January 27, 2012, 6:17 PM
Alan, you're contradicting yourself, or Marx is contradicting you, when you say at first that natural resources have intrinsic value, and then that value is a social relationship. I don't know if Dr. Pirie would agree with me, but I think that when it comes to natural resources, the body is not separate from the mind. Lack of water in the body manifests as the experience of thirst, which alerts the mind to obtain water. If I understand rightly, Smith's conception of the labor theory of value doesn't contradict neoliberal value theory. Marx's does.
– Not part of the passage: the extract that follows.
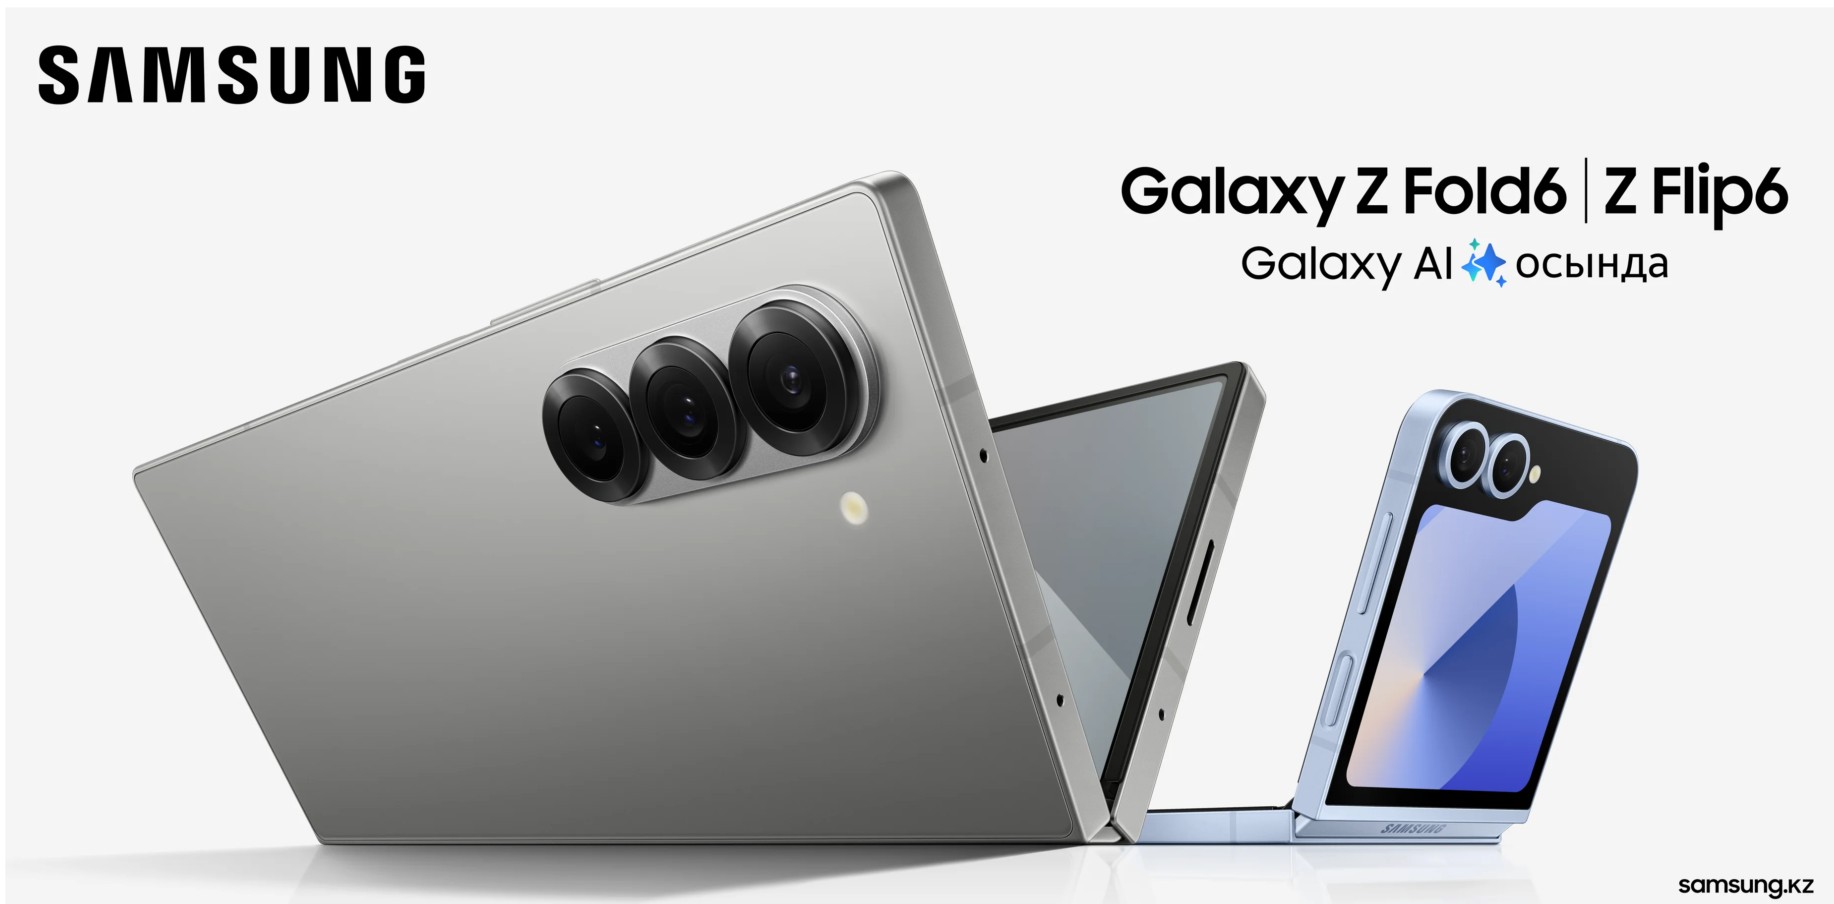 Показаны цветовые варианты Samsung Galaxy Z Fold6 и Galaxy Z Flip6.
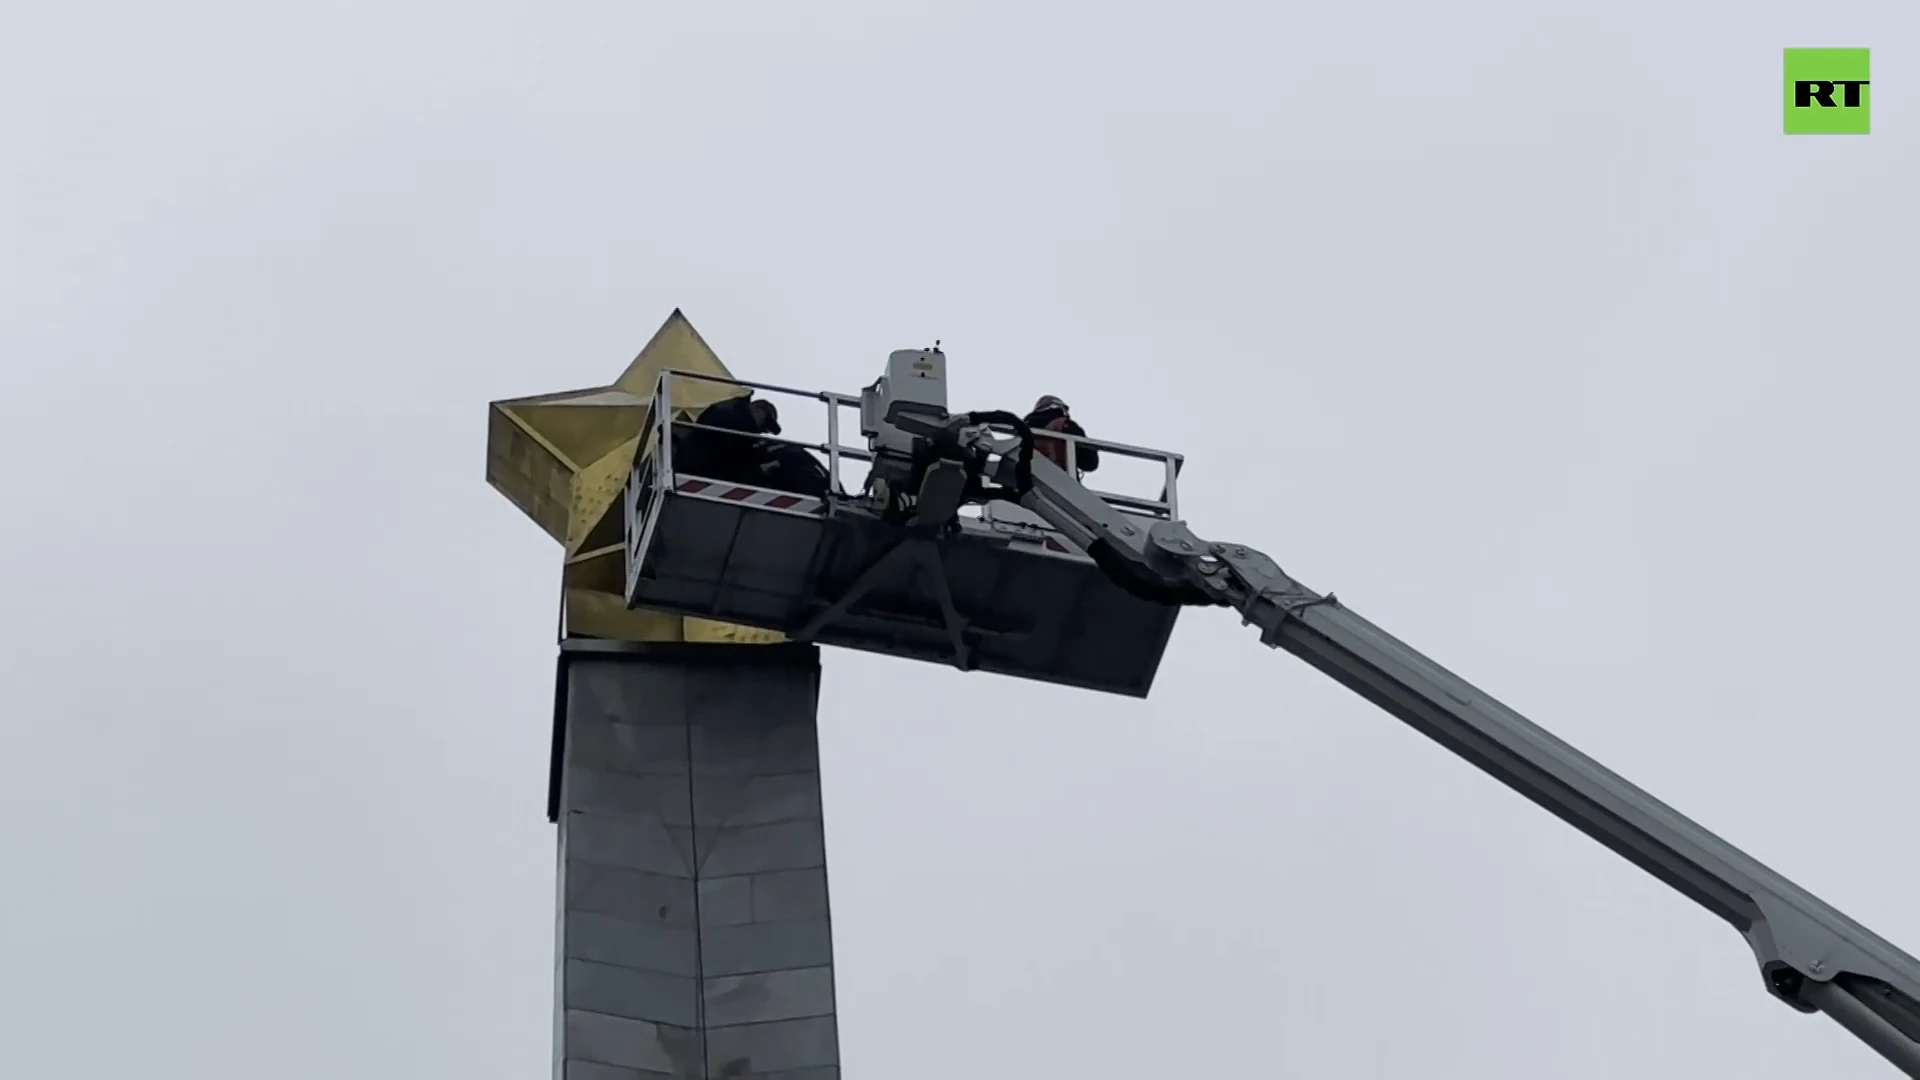 Kiev dismantles symbol of Nazi defeat

I'm a neoliberal myself, by way of deontological (though not opposed to consequentialist) libertarianism. The subtlety of Marx's thinking is irrelevant if it's wrong, and this is what I keep seeing borne out as I look at how Marxism has been applied. Marxist aesthetics are a disaster on all counts, which I regard as a bad sign (and one that I hold against Ayn Rand as well). If there's an argument in Capital that contradicts what Pirie is saying in the context of voluntary exchanges, I'm interested in hearing it—I have a lot of reading about free-market economics to catch up on before I get around to Capital.
7.
January 27, 2012, 9:16 PM
Value is not an inherent property. It is a judgment we make about a thing according to how its properties accommodate a particular use.
8.
January 27, 2012, 10:39 PM
That's fine until we consider something that we value but have no use for, such as art, arguably, or a sunset.
1.
Chris Rywalt
January 27, 2012, 10:51 AM
I've never read Karl Marx myself, so I can't say for sure what he said or didn't say about anything. But I know that Marx was a very smart guy, and Adam Smith had written what he'd written quite a bit before Marx was working, so I can't believe that Marx made such a basic error. I'm going to therefore conclude—tentatively—that Dr. Pirie—and you, Franklin, and potentially other people as well—have misread Marx.
Off to do some reading of my own on the subject.